Quite a few of my leisure activities involve purposefully making life hard for myself. I like rock climbing, wild camping, cycling up steep hills and snowboarding (anyone who has tried using a ski lift on a snowboard knows ski-ing is definitely the easier option).
In these pursuits, you look at the challenging path that lies between you and your goal and find a way through or around every obstacle. The whole point is to overcome difficulties not to avoid them. Ultimately your destination isn’t as important as the journey (Unless you’re heading to the bar at the bottom of the ski run!).
At the weekend I came across a great quote from the writer Ryan Holiday that really struck a chord with me. Not just in relation to my hobbies but to life in general at the moment. The quote comes from the title of Holiday’s book, which summarises the Stoic school of philosophy; “The Obstacle is the Way”. Holiday explains that those who practice Stoicism don’t try to change what lies ahead of them, or avoid it. Instead, they embrace the challenge. What they do change is how they view a tough situation, and the way they respond to it.

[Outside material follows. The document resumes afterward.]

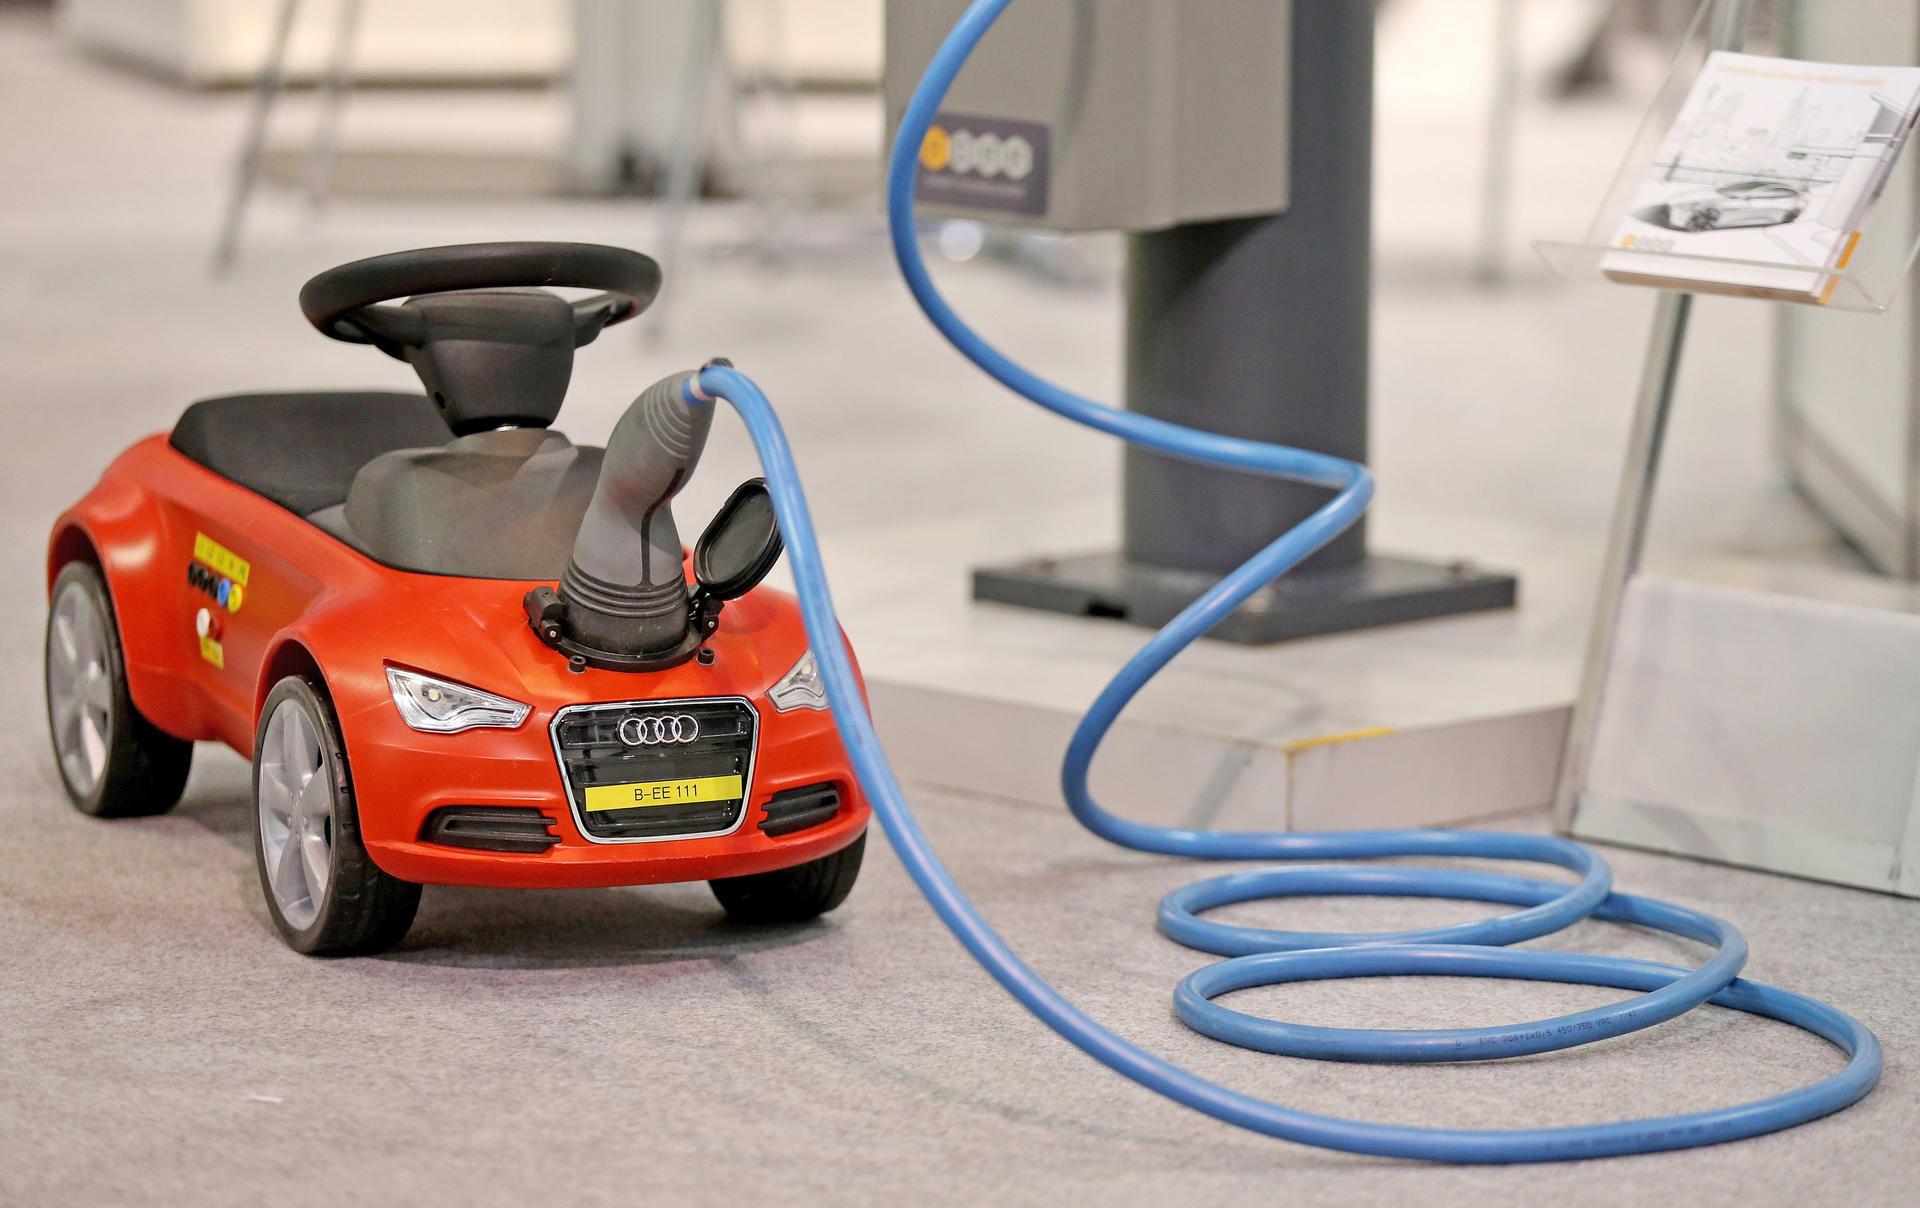 Elektroauto vs. Verbrenner: Ein Auslaufmodell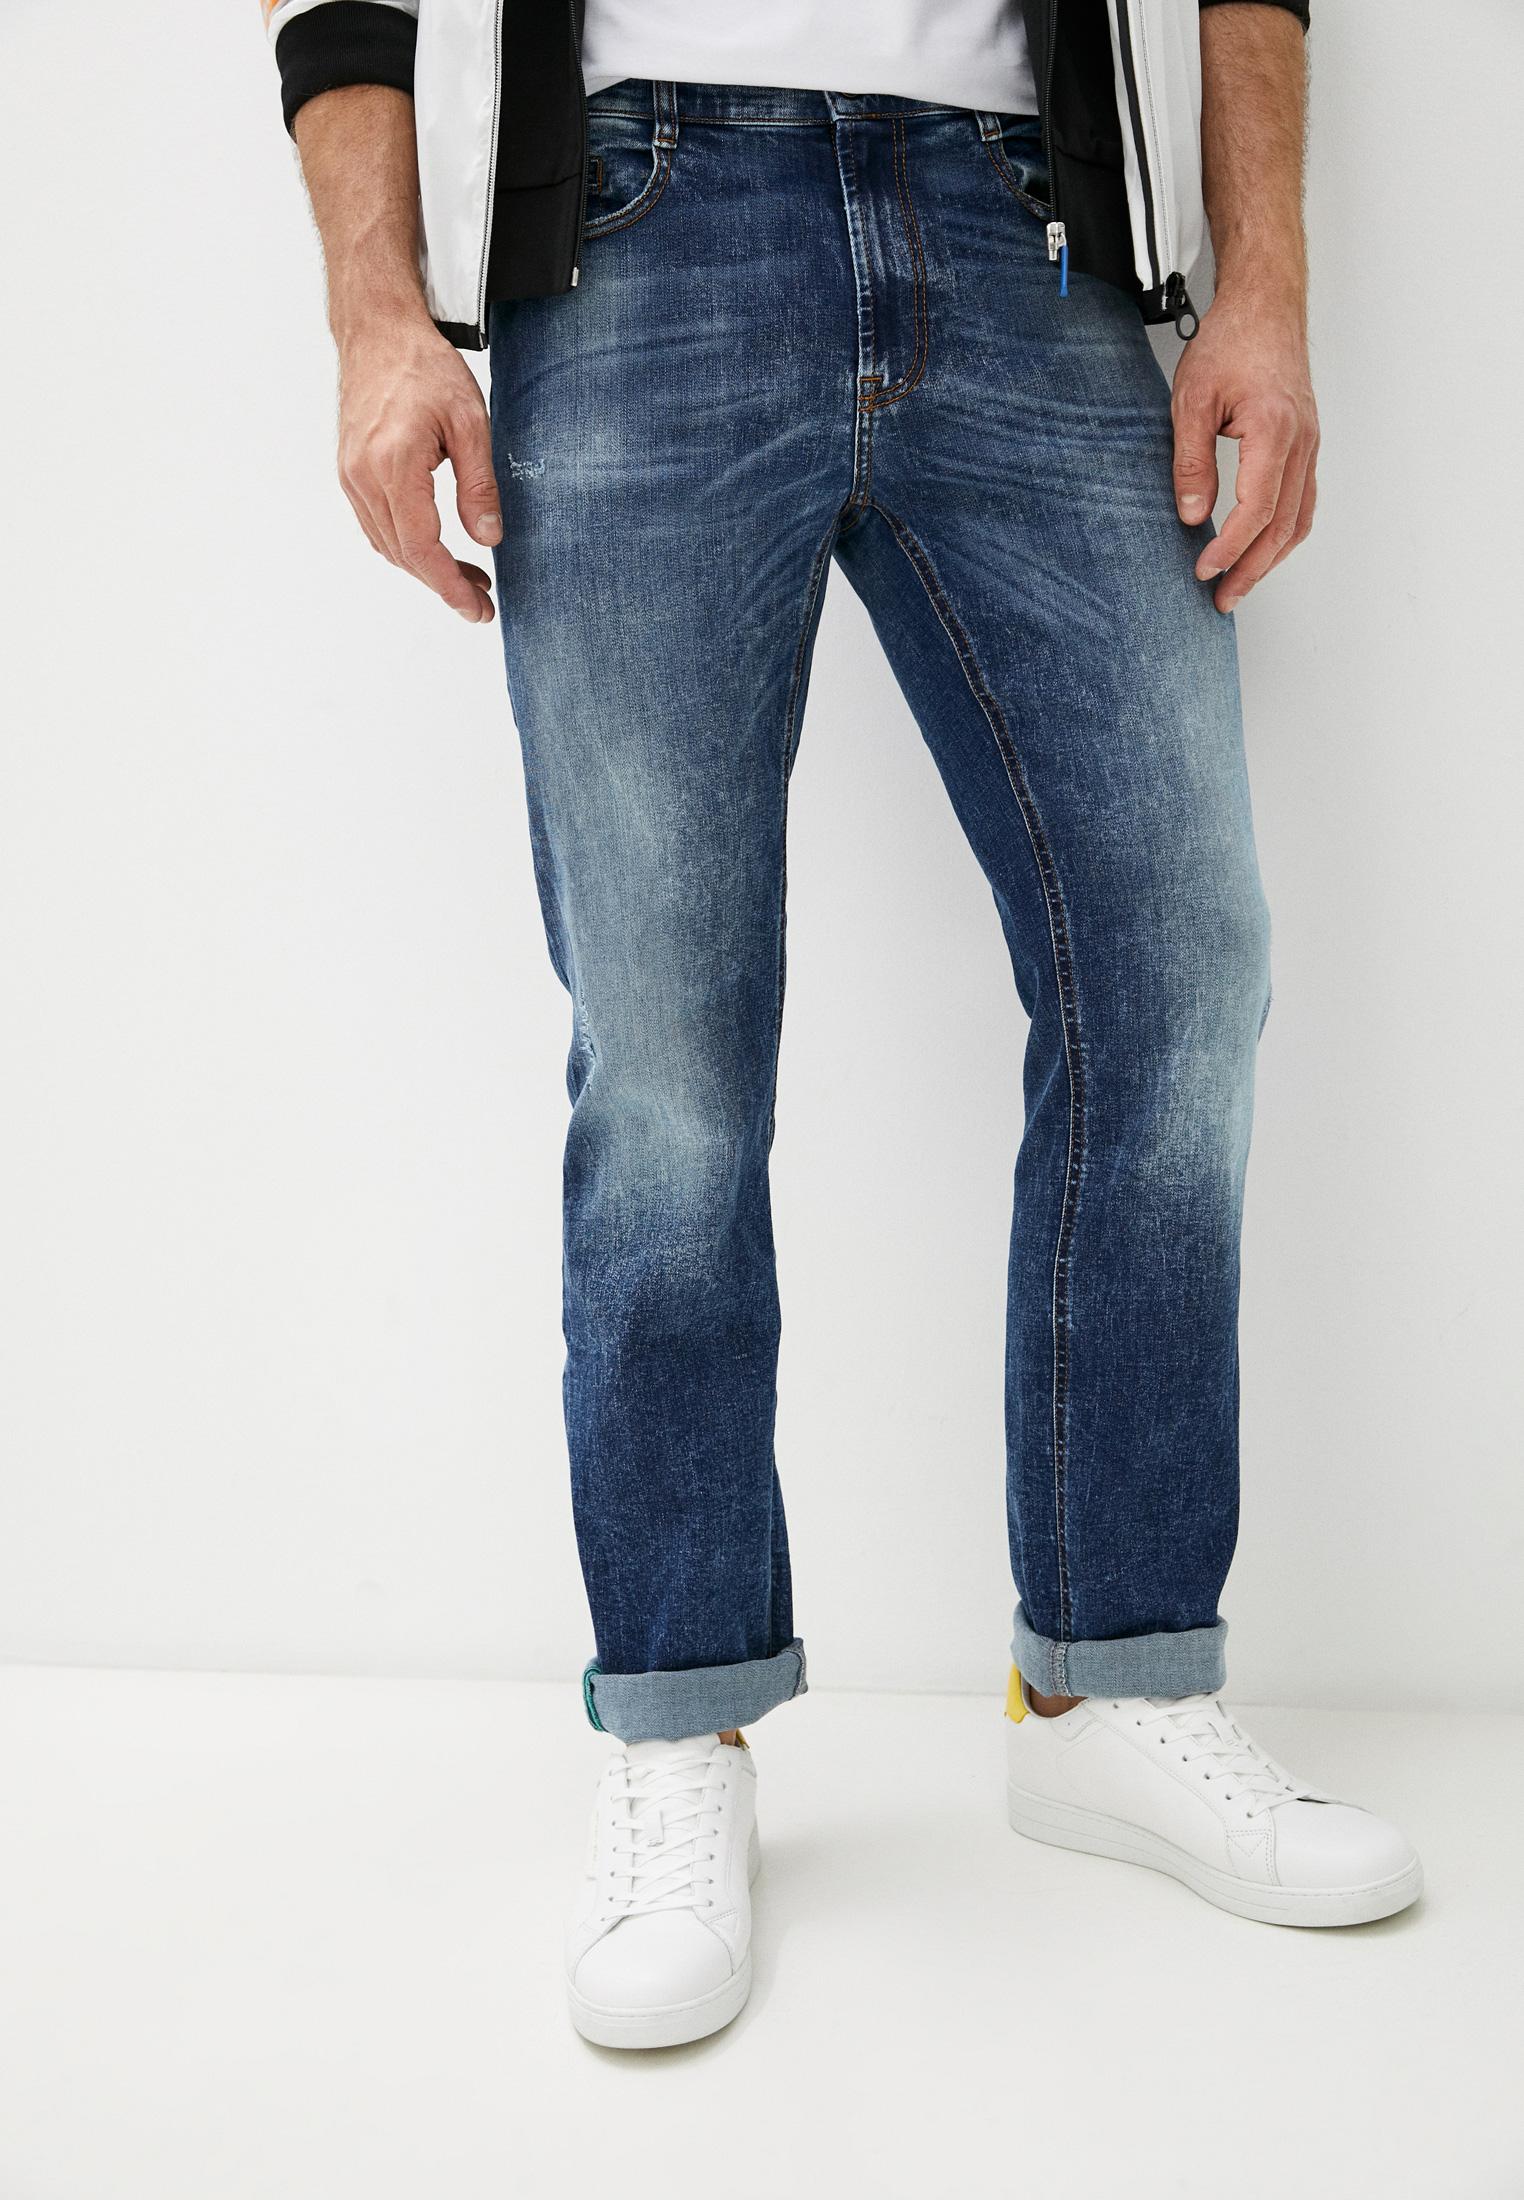 Мужские прямые джинсы Bikkembergs (Биккембергс) C Q 102 00 S 3181: изображение 6

Take rock climbing. You can’t change a climbing route; it’s made out of rock. Every climber faces the same physical landscape, uses similar equipment, and in the main, has two arms and two legs (some have less which makes their endeavours even more amazing). Some people get to the top, some don’t. The successful ones aren’t super human, they just view the route in a different way to those who fail. They focus on what’s in front of them, getting each move right and trusting their skills. And should they fail, they look at what they can do differently next time, because the rock won’t change.
Right now we’re all facing a lot of obstacles. They are big, often scary and won’t disappear by us wishing them away or by getting angry at the world. In marketing, we’re facing some very big, hairy problems, whether you’re a brand owner or agency.
We can’t change the global events that are happening, but we can change how we view them and how we act. We must embrace the challenge, get past it and come out the other side stronger.
That’s why I say; don’t try to change the world. Change yourself, or your business. In the new normal, people’s needs and priorities have been transformed. So you must transform how you, and more importantly your customers, view your business, and stay relevant.
A fantastic example of this is how The Wild Detectives, a book shop in Dallas, is dealing with Covid 19. When the physical store was forced to close due to C-19 restrictions, they ran a campaign to change their customers’ view of what they sold. They no longer retail books. No, they’ve begun to provide something everyone’s craving – international travel. By announcing that The Wild Detectives is opening a travel agency and creating the gobookatrip.com website, they’ve reframed books as a way to escape reality and explore the globe for a fraction of the cost of actually going there.
The result of the team at The Wild Detectives accepting their current reality and exploring how they could change what was in their control was a sales increase of 200%. For The Wild Detectives, the obstacle is most definitely the way.